New Decision Makers, New Risks and a Defining Moment for Independent Agents

Independent insurance agents have always thrived in moments of change. They build businesses by translating complexity, advocating for clients and guiding insurance carriers through risk cycles that demand more than transactional expertise.

Today, that approach is being tested as ownership transitions accelerate, business owners become more informed through artificial intelligence (AI), and risk continues to intensify through litigation, technology and weather volatility. These are not incremental shifts. They are converging forces, reshaping the expectations of agent, carrier and client relationships and placing new pressure on how agents demonstrate value.

Millions of Businesses Changing Hands 

Over the next decade, business ownership transitions are expected to reach historic levels. According to McKinsey, about 6 million small and midsize businesses will experience ownership or leadership changes by 2035, creating what the firm describes as a new era of business stewardship. Many of these businesses will sell, recapitalize and transfer ownership as baby boomers retire, family businesses plan for succession or private equity partners become involved.

Many of these transactions bring new decision makers. Whether they are the next generation of leaders, financial buyers or strategic acquirers, these owners often approach insurance with a different lens. Coverage and services are no longer viewed simply as an annual renewal. They become part of a broader value equation tied to risk management, capital protection and long-term resilience.

For independent agents, ownership change is a familiar inflection point. New leadership often prompts a review of key service providers, including the insurance broker and overall insurance program structure.

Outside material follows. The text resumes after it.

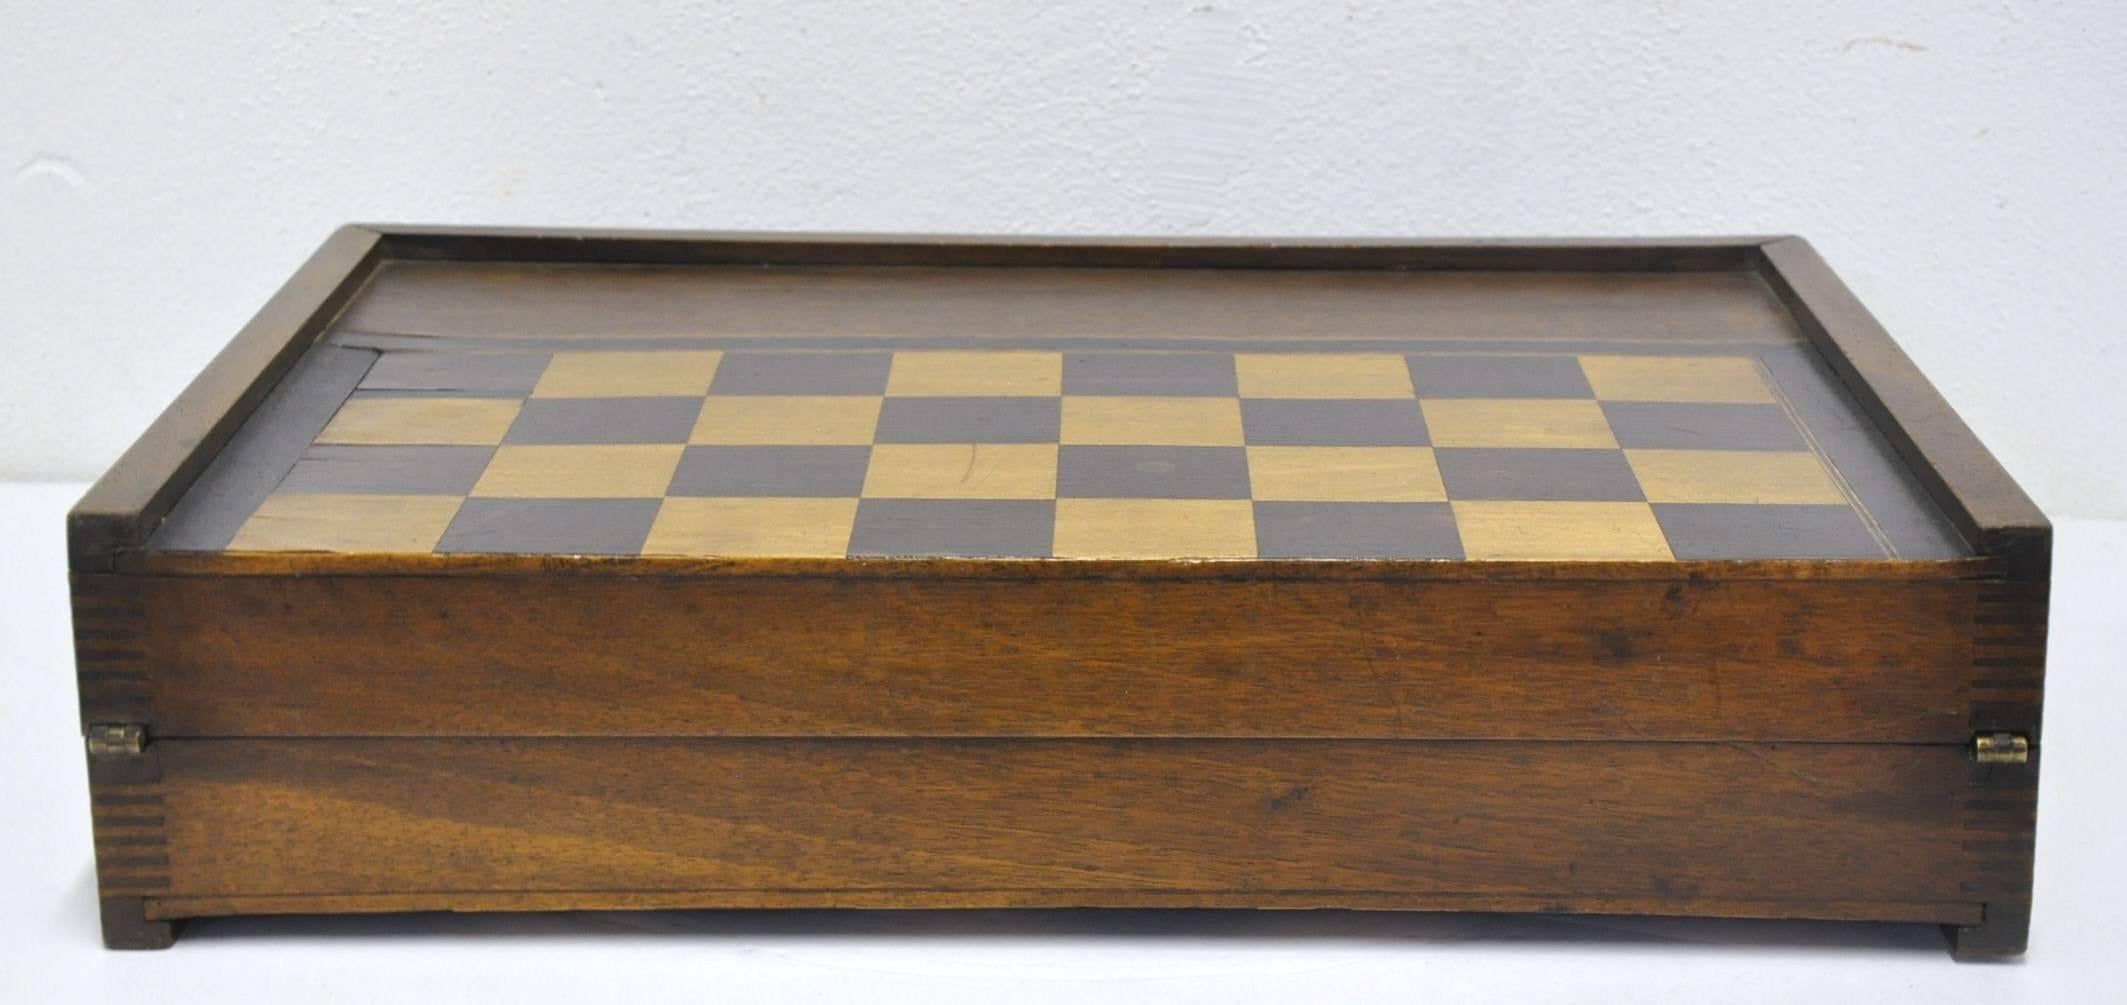 Hand-Crafted 19th Century, French Backgammon and Checkers Game Signed Arthaud, Paris
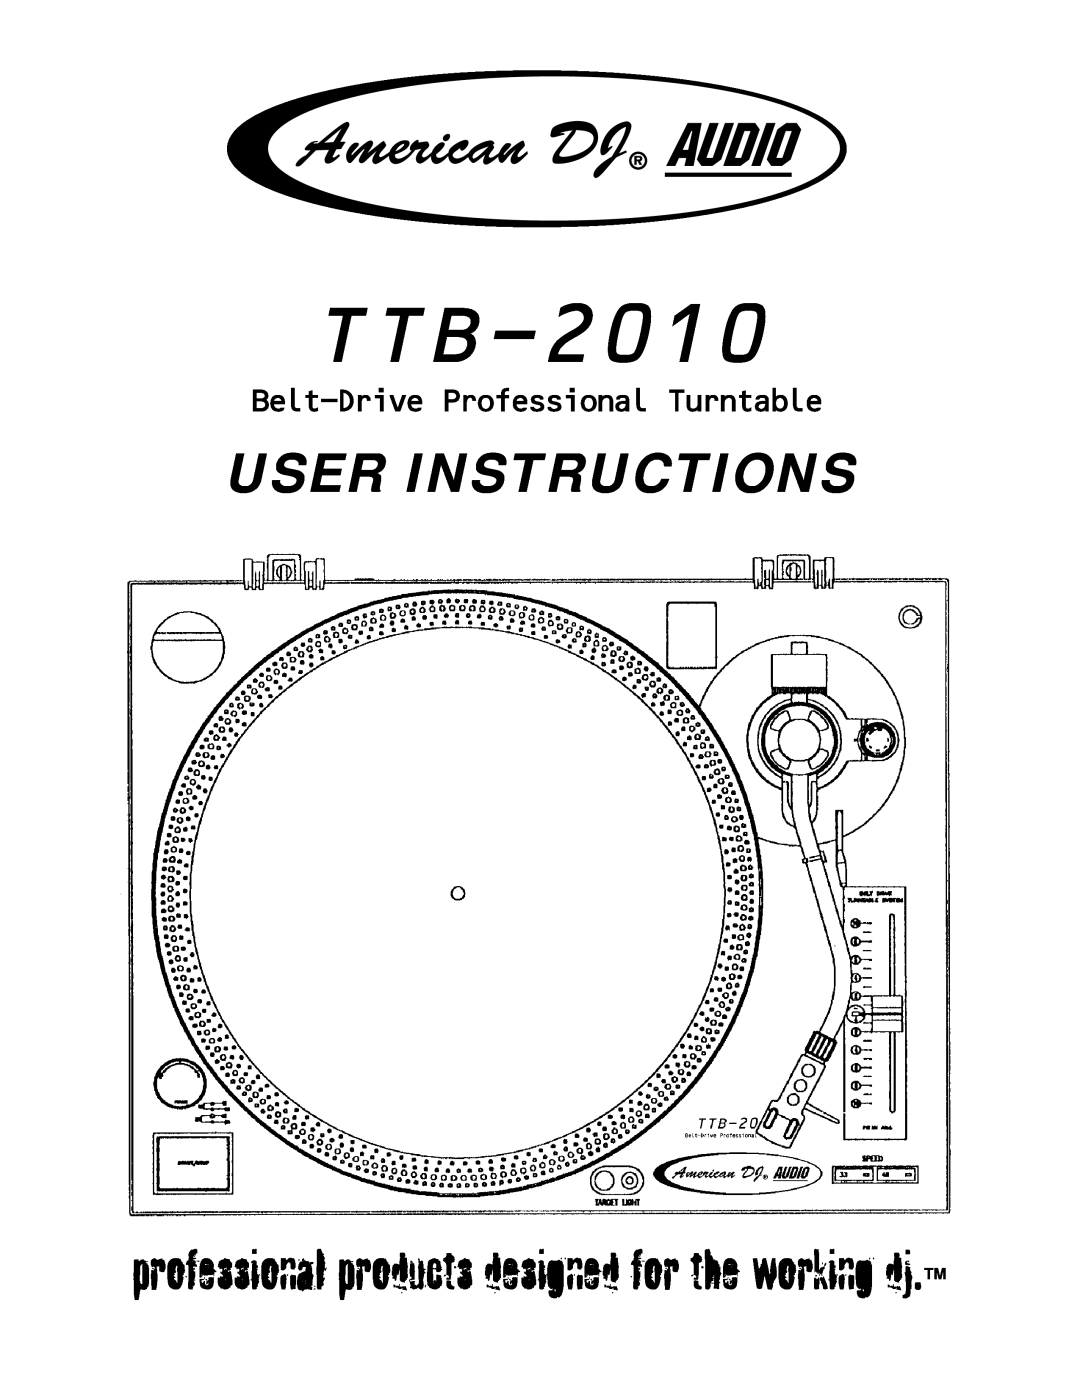 American Audio TTB-2010 manual User Instructions, professional products designed for the working dj

Agents who anticipate this moment protect their position, while those who wait until renewal face a greater risk of displacement.

AI Changes the Conversation 

Business owners are increasingly using AI tools to analyze risks, assess coverage and prepare insurance questions, a trend that will continue as these tools become more accessible and sophisticated.

This is not a threat to agents, but it does tighten the knowledge gap and raise expectations. Much like how WebMD changed the way patients engage with doctors, these tools are reshaping how business owners evaluate advisors, accelerating expectations and putting consultative value into focus.

The best agents will welcome this shift. More informed clients allow for elevated conversations that move beyond policy placement to deal structure, options and services. Agents add value by translating client questions, explaining trade-offs between certainty, cost and risk tolerance and guiding insurance strategy through ownership transitions. Those who understand transaction-related exposures, including representations and warranties, earn-outs and integration risk, can step into a critical advisory role before and after a deal, while agents without that expertise risk falling short of client expectations.

Risk Is Becoming More Complex and More Severe

Traditional insurance cycles still exist, but they increasingly mask a deeper change. Litigation severity continues to rise across many jurisdictions. Weather-related losses are altering long-term loss curves. New technologies are creating exposures not fully contemplated in current underwriting models.

This is less about a hard or soft market and more about a structural shift in risk. For clients, that means volatility and uncertainty. For agents, it raises the bar on technical knowledge, foresight and the ability to explain how emerging risks affect the business today and tomorrow.

Incredible Opportunity for Agents

The defining challenge for independent agents is not ownership change, AI or rising risk, but the combination of all three. New decision makers are entering the market at the same time buyers are more informed and expectations are rising.

As these forces converge, the agent value proposition is evolving. Relationships will always remain essential, but expertise and relevance determine staying power. Agents who succeed in this environment typically focus on a few core priorities:

1) Being embedded earlier in client decision-making, not just at renewal. Ownership transitions and operational changes often shift risk profiles well before renewal. Early engagement allows agents to advise proactively rather than reactively.

2) Anticipating and speaking fluently about ownership transitions and the risks they create. New decision makers reassess advisors as part of broader financial and operational reviews. Agents who understand how succession planning, private equity involvement or strategic transactions affect risk are better positioned to guide these discussions.

3) Embracing AI-informed clients without being threatened by them. Buyers with better information expect clearer answers. Agents who can translate complexity into practical guidance reinforce their value.

4) Viewing carrier relationships as strategic assets, not pure financial transactions. As losses grow more complex, carrier capabilities play an increasingly important role. Underwriting expertise, risk management support and claims capabilities can meaningfully influence outcomes.

Major shifts in the market have long separated transactional brokers from trusted advisors. Today’s market, defined by ownership turnover and more informed clients, is no exception. Independent agents who truly understand their clients’ risks, consistently communicate value and partner with carriers that bring distinctive solutions are positioned not just to adapt, but to help set the standard for the decade ahead.

By Matthew S. Mitchell, president, middle market, The Hanover Insurance Group, Inc.